# Ferals Rule



## bigbird (Aug 19, 2000)

Welcome to the "new" Feral Forum.
It is time that these lovely birds had their own talking space.
Regards,
Carl


----------



## Whitefeather (Sep 2, 2002)

*Thanks Carl*

*Welcome to the "new" Feral Forum.
It is time that these lovely birds had their own talking space.*
Couldn't agree with you more.  
I'm sure many will have lots to tell us.  

Cindy


----------



## Reti (Jul 20, 2003)

This is great.
Ferals certainly deserve to have their own talk-forum.

Reti


----------



## Poulette (Feb 5, 2002)

What a good idea! I have a feral rescued who refused to go away last week. I let the pigeon the choice to fly with the pigeons in the backyard or to come back in the house. I guess he still wants the 5 stars hotel accomodation for a while  
Suz.


----------



## Reti (Jul 20, 2003)

Smart guy, Poulette  

Reti


----------



## John_D (Jan 24, 2002)

That's great, Suz 

Pigeons are hardy, and live with whatever the elements throw at them. But, I'm sure that pigeons also like comfort and hospitality. 

Just wish we could build huge warehouses, that all the town pigeons could come to for shelter and some warmth!

John


----------



## bigbird (Aug 19, 2000)

Yes John, I have thought the same thing.
Like a park, with easy to clean lofts, food and water daily, a sanctuary for wild ferals.

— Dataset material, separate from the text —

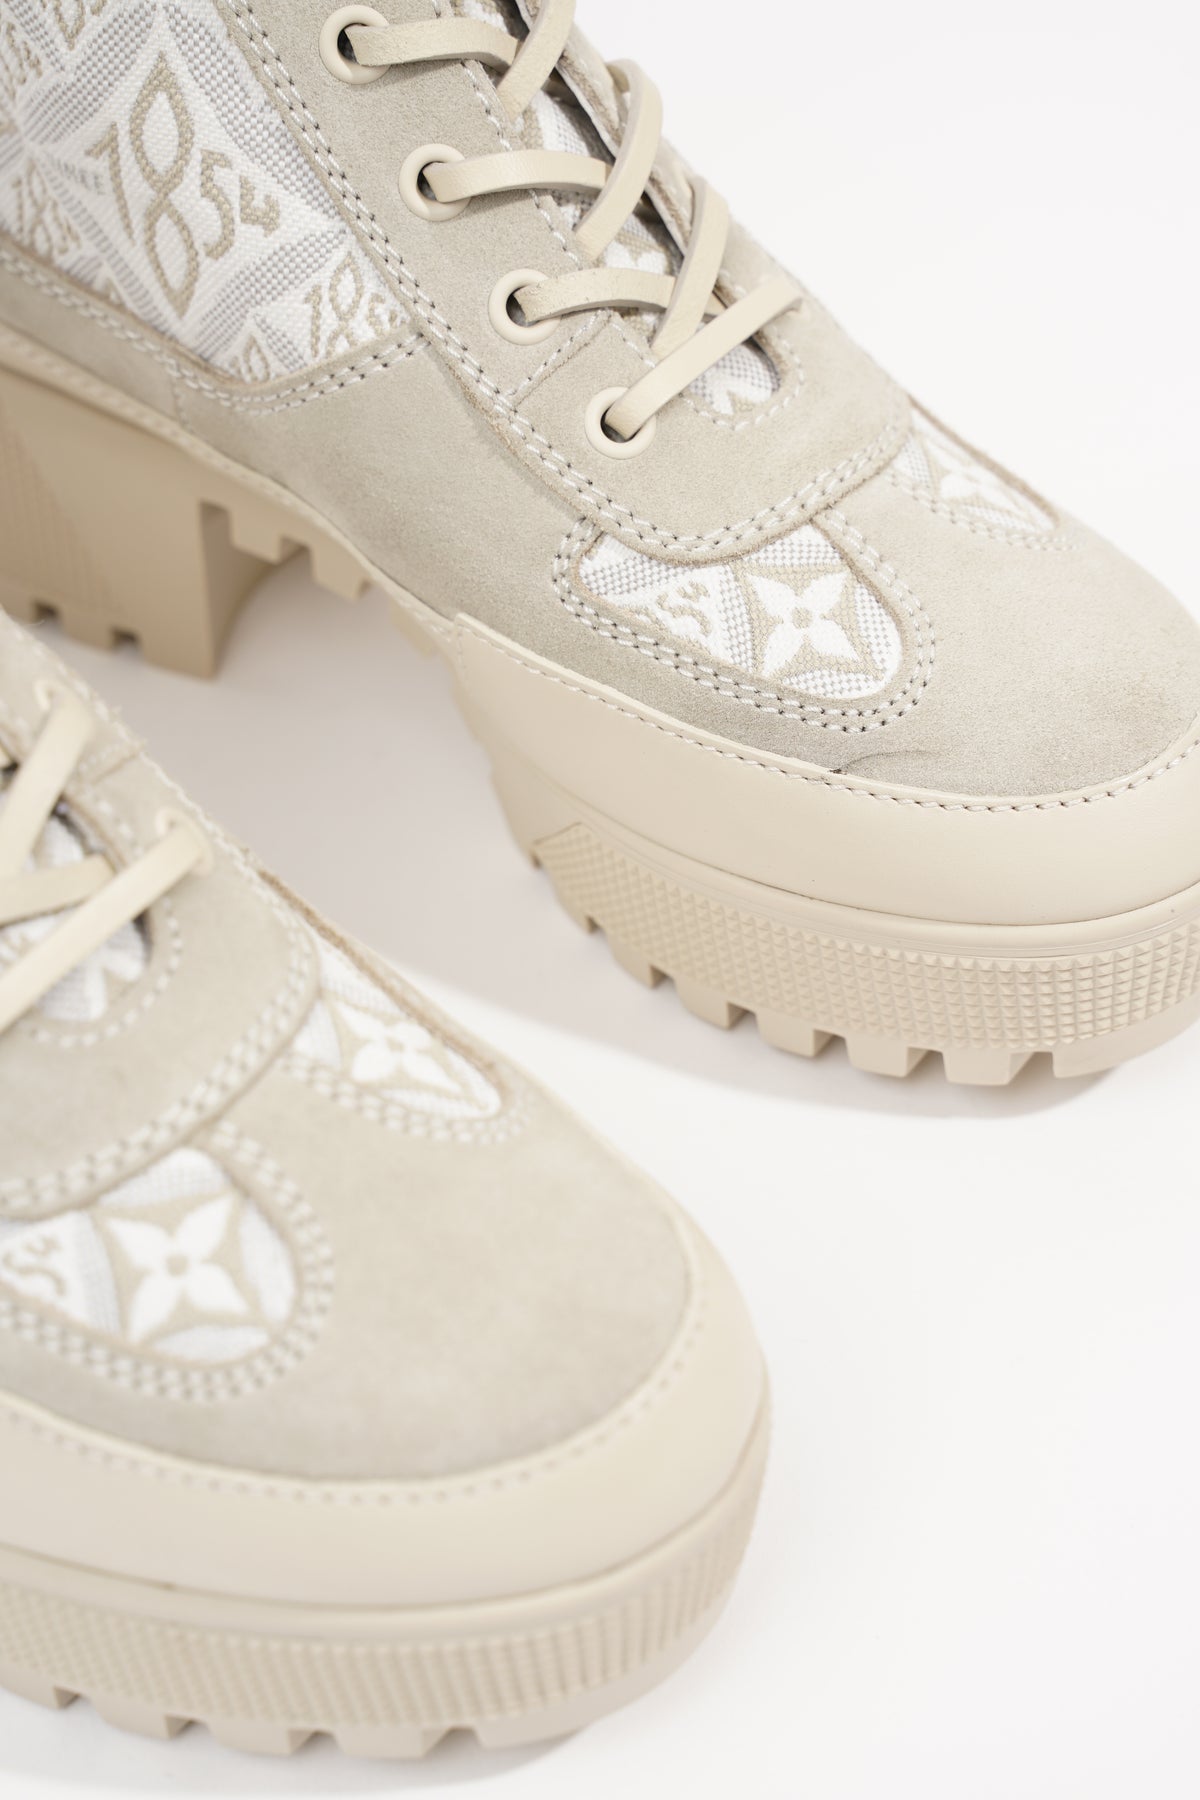 Louis Vuitton Laureate Platform Desert Olive Boots SZ 36.5 - ShopperBoard

How wonderful that would be.
Carl


----------



## Lin Hansen (Jan 9, 2004)

Yes Carl and John,

I have thought exactly the same thing. There are many ferals in my town. My flock is at least 90 birds. My town is an odd mix of residential and industrial. I believe there are others like me who try to feed the ferals (without getting caught and fined) on their property during the day, but at night, thanks to the many parking garages that accomodate our malls and such, there are night roosts for our feathered friends.Something that stands out in my mind: last june I went to a movie and dinner with my college classmates at an outdoor mall in my town. I am the only smoker in the group (yea yea yea, I know I should quit, it is killing me, etc) and went out to have a cigarette around 9:00 pm, it was full dark) and what did I see, but pigeons foraging for scraps outside the restaurants at that hour of night. My heart was broken. I knew from this site, that they had no business foraging at that hour unless they were desperately hungry. You gotta know that ~all~ my french friies from dinner were scattered for them. Do my friends think I am nuts? Yes! Is that okay? Yes. My heart breaks everytime I go foodshopping, and there are countless pigeons and gulls hanging around the parking lot, picking at paper and plastic scraps in hopes of finding something to eat. Many times I will pick up seed or a loaf of bread just to give them on my way out. Can I save them all? No. Can I help fill their bellies and help them get through another tough day? Yes. So I do.
They are so beautiful, so brave, so resourceful, so pitiful sometimes...how can some people have such bad opinions toward them?
That flying rat comment is getting old....and made famous by a middle aged, perverted, heavily mid life crisising, funny looking movie director who married his own stepdaughter. I may be wrong, but I think this idiot is his own grandpa! And thanks to his "eloquence", our beloved birds are known as "flying rats!'
Sheesh! Forgive me for venting!
Linda


----------



## Sweetie (Sep 15, 2004)

*Sweetie and I are here as well*

Hi,

This is new. I like it, of course Sweetie isn't at the library with me now, but I think she would like it too. She is a lovely Feral Pigeon. She has some deep irredecent purple colors with some deep green Irredecent colors in her crop area. They are not as Brilliant as they are in a males Irredecent colors. 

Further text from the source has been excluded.